Review: ‘Filth’ presents a bad detective you’ve already seen before
Director: Jon S. Baird
Stars: James McAvoy, Eddie Marsan
2 (out of 5) Globes
Released in the wake of “Pulp Fiction” mania, the brash, snide 1996 film of Irvine Welsh’s “Trainspotting” was never a landmark. But like the Tarantino monster, it inspired more than its share of dire copycats. A wave of funny-dark comedies about the U.K.’s (and sometimes America’s) most debauched crashed into art house theaters. “Filth” feels like one of those, even if it shouldn’t: It’s based on another Welsh novel and has waited two decades for the fecund odor of “Trainspotting” to disappear.
It even tries to be different.
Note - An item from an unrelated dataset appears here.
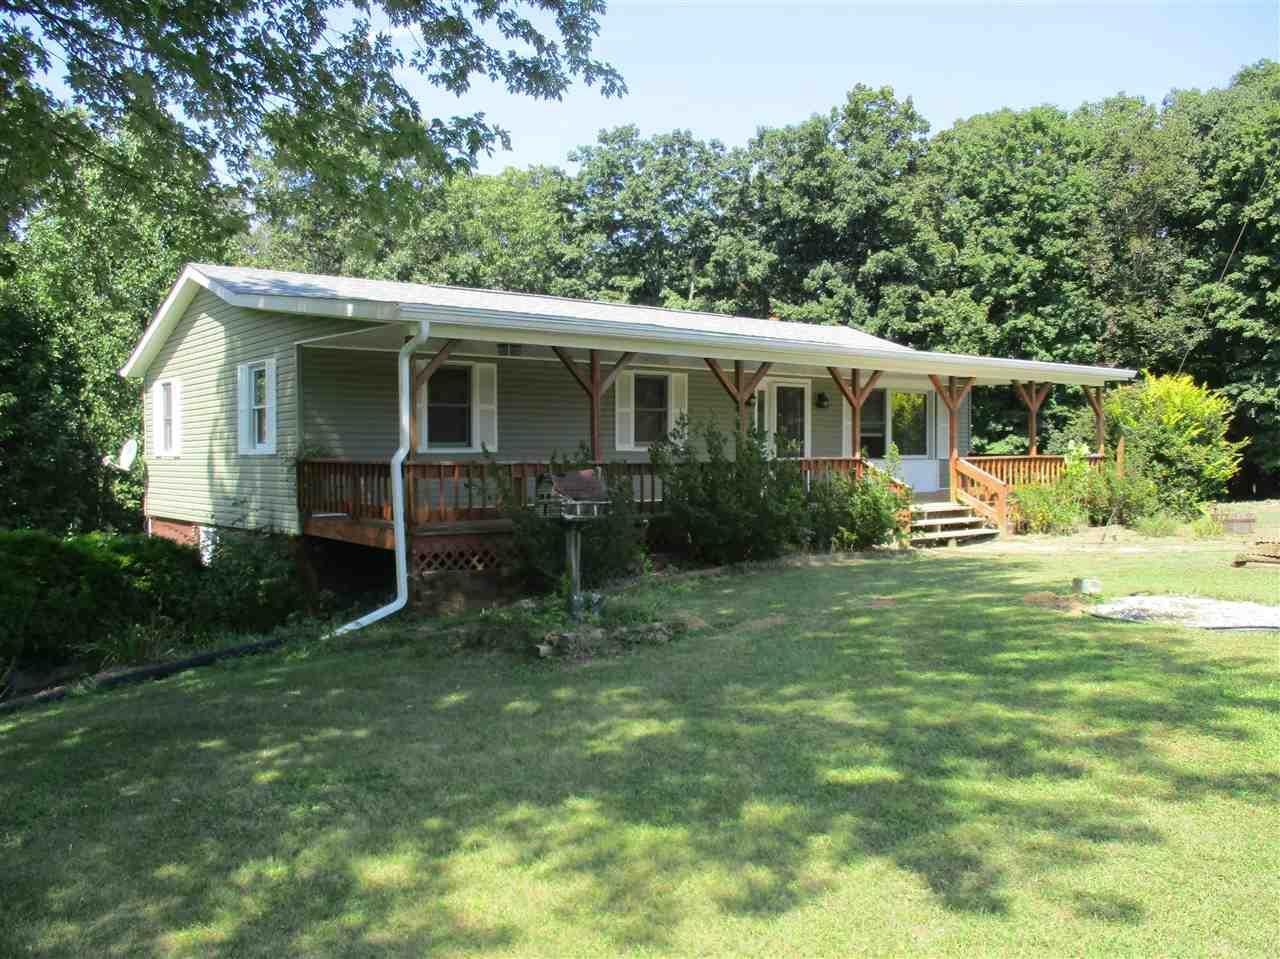 9520 S Chapel Hill Rd, Heltonville, IN 47436
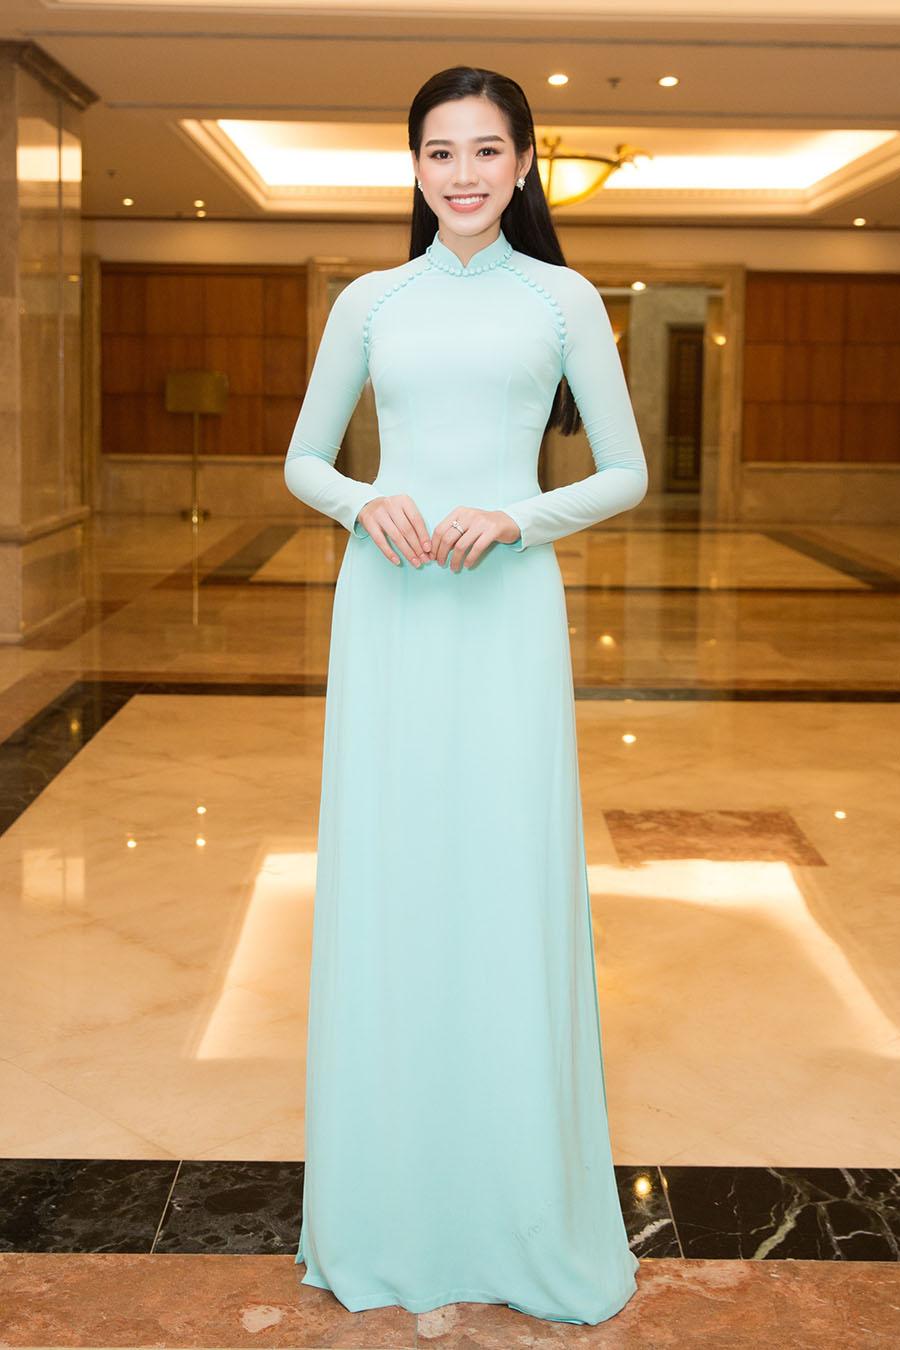 Hoa hậu Đỗ Thị Hà trở thành chủ tịch danh dự trẻ nhất CLB Suối mát từ tâm. Ảnh: Sen Vàng.

For one thing, it’s not exactly empathetic with its protagonist. Bruce Robertson (James McAvoy) is a remorseless bad detective in Edinburgh, who enjoys propositioning sex from 16 year olds, bullying his connected friend (Eddie Marsan), drugging himself into a psychedelic dreamscape and other things seen in every movie about lawless law enforcers ever made. This movie has been made before, in fact many, many times before, and the fact that it was made in 2014 doesn’t make it any more fresh.
What does it make it slightly almost-fresh — like a cheese that’s only gone somewhat, salvageably moldy — is the glee with which it’s been made. Director Jon S. Baird may channel every filmmaker who’s ever used whiplash montages, loud music cues and cheeky narration. But he seems to genuinely be having as much fun as his monstrous anti-hero. This isn’t a dark comedy; it’s a comedy that happens to be about dark things. It’s filmmaking with a big, stupid grin on its face. Not that all of its joys are transgressive in nature: One of funnier bits finds Robertson messing with his colleagues over who gets a promotion.
The good times, of course, can’t last, because they never do. Sure enough, Robertson has a sad secret in his past, just waiting to come out, and once it does, the fun does indeed end. The fact that this isn’t “Trainspotting 2” — though Welsh has written that novel — does wind up serving to show “Trainspotting”’s many secret strengths. That film genuinely liked its characters, or some of them. The violence, the few times it actually occurred, was real and uncontainable, not cartoonish. And Danny Boyle’s keyed-up direction wasn’t just about acceleration and cool images, but never forgot that its characters felt most at home in true grime, and felt most alien when cleaned-up and zombified. If someone else had made “Trainspotting,” it would have probably looked like “Filth,” and the world would be poorer for it.